For expectant mothers, asking to have a caesarean can make them feel more in control, says Murphy. But she says all too often women can be dismissed if they ask for the procedure, and argues that healthcare professionals should offer women afraid of vaginal birth more options.

She cautions that women who are rightly fearful of childbirth shouldn’t be labelled as abnormal or pathologised if they have developed post-traumatic stress disorder from past experiences.

“We need to look at ways to reduce secondary tokophobia by addressing the issues that give rise to traumatic childbirth by ensuring women get the support and pain relief they want, ensuring consent to avoid loss of sense of control, ensuring realistic antenatal information.”

Helen Bremner, an NHS hypnotherapist and former intensive care nurse, experienced tokophobia after the traumatic pregnancy and birth of her first child Edward. Bremner suffered from hyperemesis, or extreme vomiting sickness, for eight months. Her son’s head was so big she was in labour for four days. Eventually, he was delivered via a caesarean section.

“I feared how the baby would get out the second time, and my womb rupturing if I went into labour, or the baby got too big," she says.

“The idea that a whole new life can grow inside you from one cell, and become a person inside you is both magical and overwhelming. After my birth trauma, I became panicky around pregnant ladies and felt more envy that they could enjoy their pregnancies and reasonably anticipate 'normal' deliveries, and more of a failure that I couldn't give birth to my baby myself." This was despite Bremner wanting a second child.

“I worried that I would be forced to go through labour at risk to my second baby, especially if I went into labour spontaneously.

Bremner says that hypnotherapy has helped reduce her anxiety, and has used her experiences to set up a service to help women with birth fears and traumatic experiences.

"I think I will always be a bit sad that I couldn't enjoy pregnancy and birth as others did and do, but it's not as distressing as it once was."

Dr Patrick O'Brien, spokesperson for the Royal College of Obstetricians and Gynaecologists, chimes that is possible for women to recover from tokophobia. “Women should be offered counselling, such as cognitive behavioural therapy, to help them address their fears, and be given the opportunity to talk through their concerns with their doctor."

Midwives, obstetricians, and perinatal mental health specialists can help to allay fears and help women choose the best way for their baby to be delivered, he adds.

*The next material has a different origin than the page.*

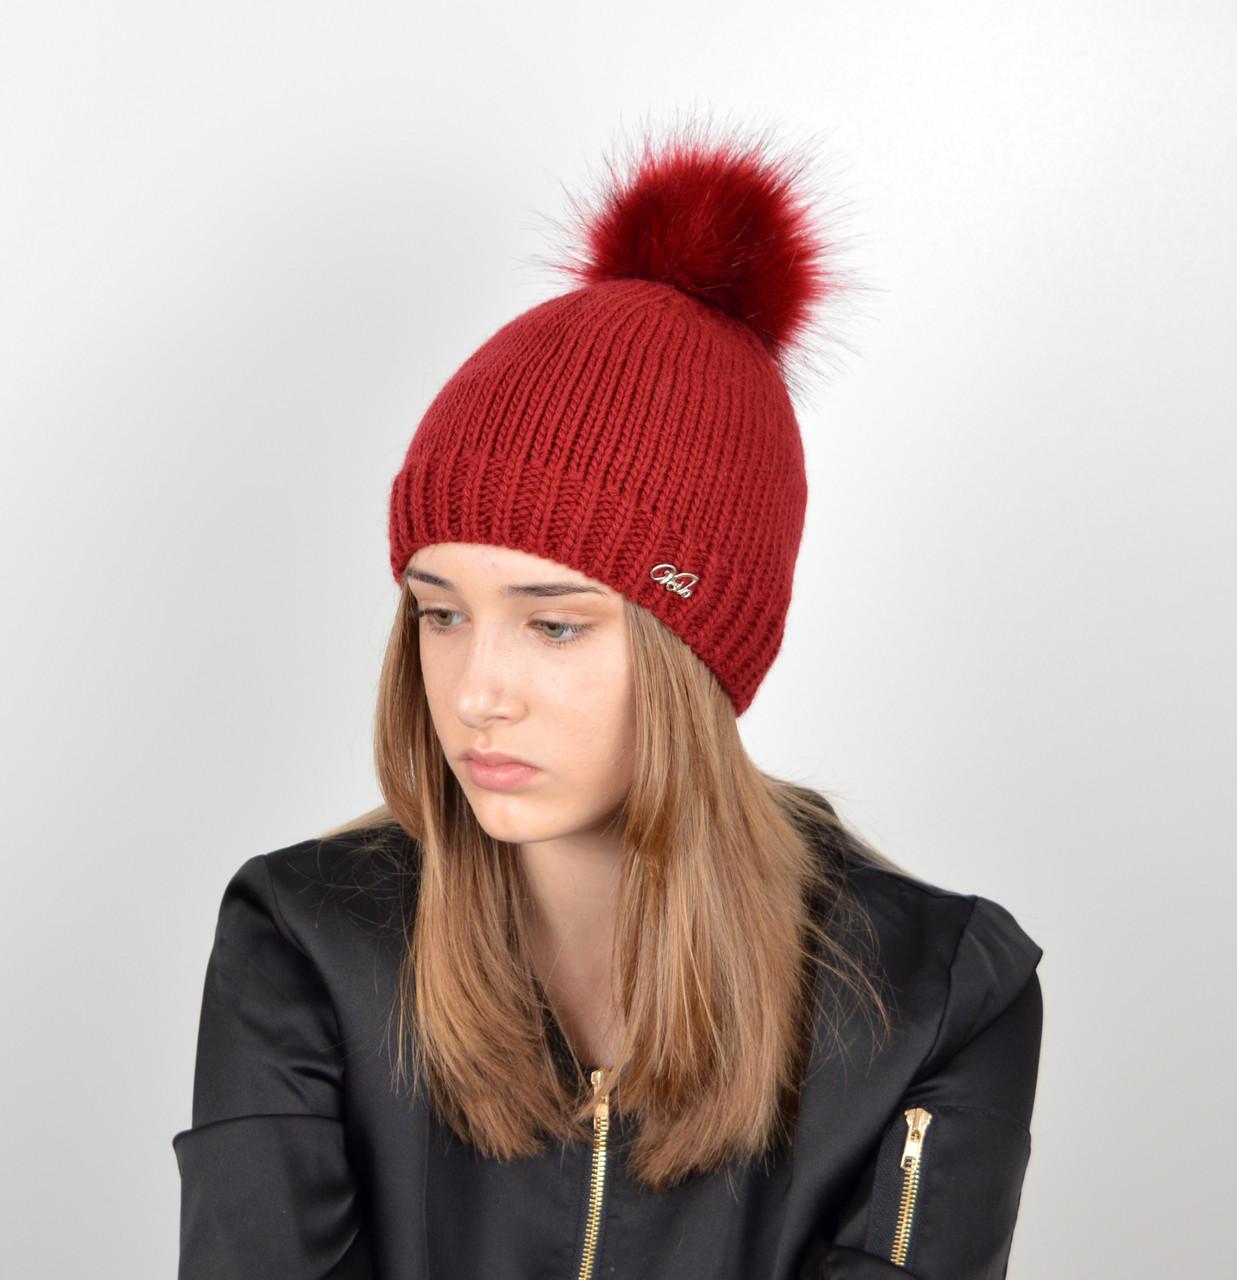 Жіноча шапка з помпоном 3348 бордо

After her shocking experience, Bremner’s message for other fearful women is clear.

"Like any phobia, there is help to get you through this. The magic of a new life may be in itself sufficient incentive to get past your fear. If it's not, there are people like me, who have been through similar experiences and come out the other side smiling, and with beautiful children. And there are also people like me who can help using therapies such as counselling and hypnotherapy.

“People are phobic of all sorts of things which other people find innocuous. It's not courage if you face it and you're not scared. To be scared, and do it anyway, that's courage."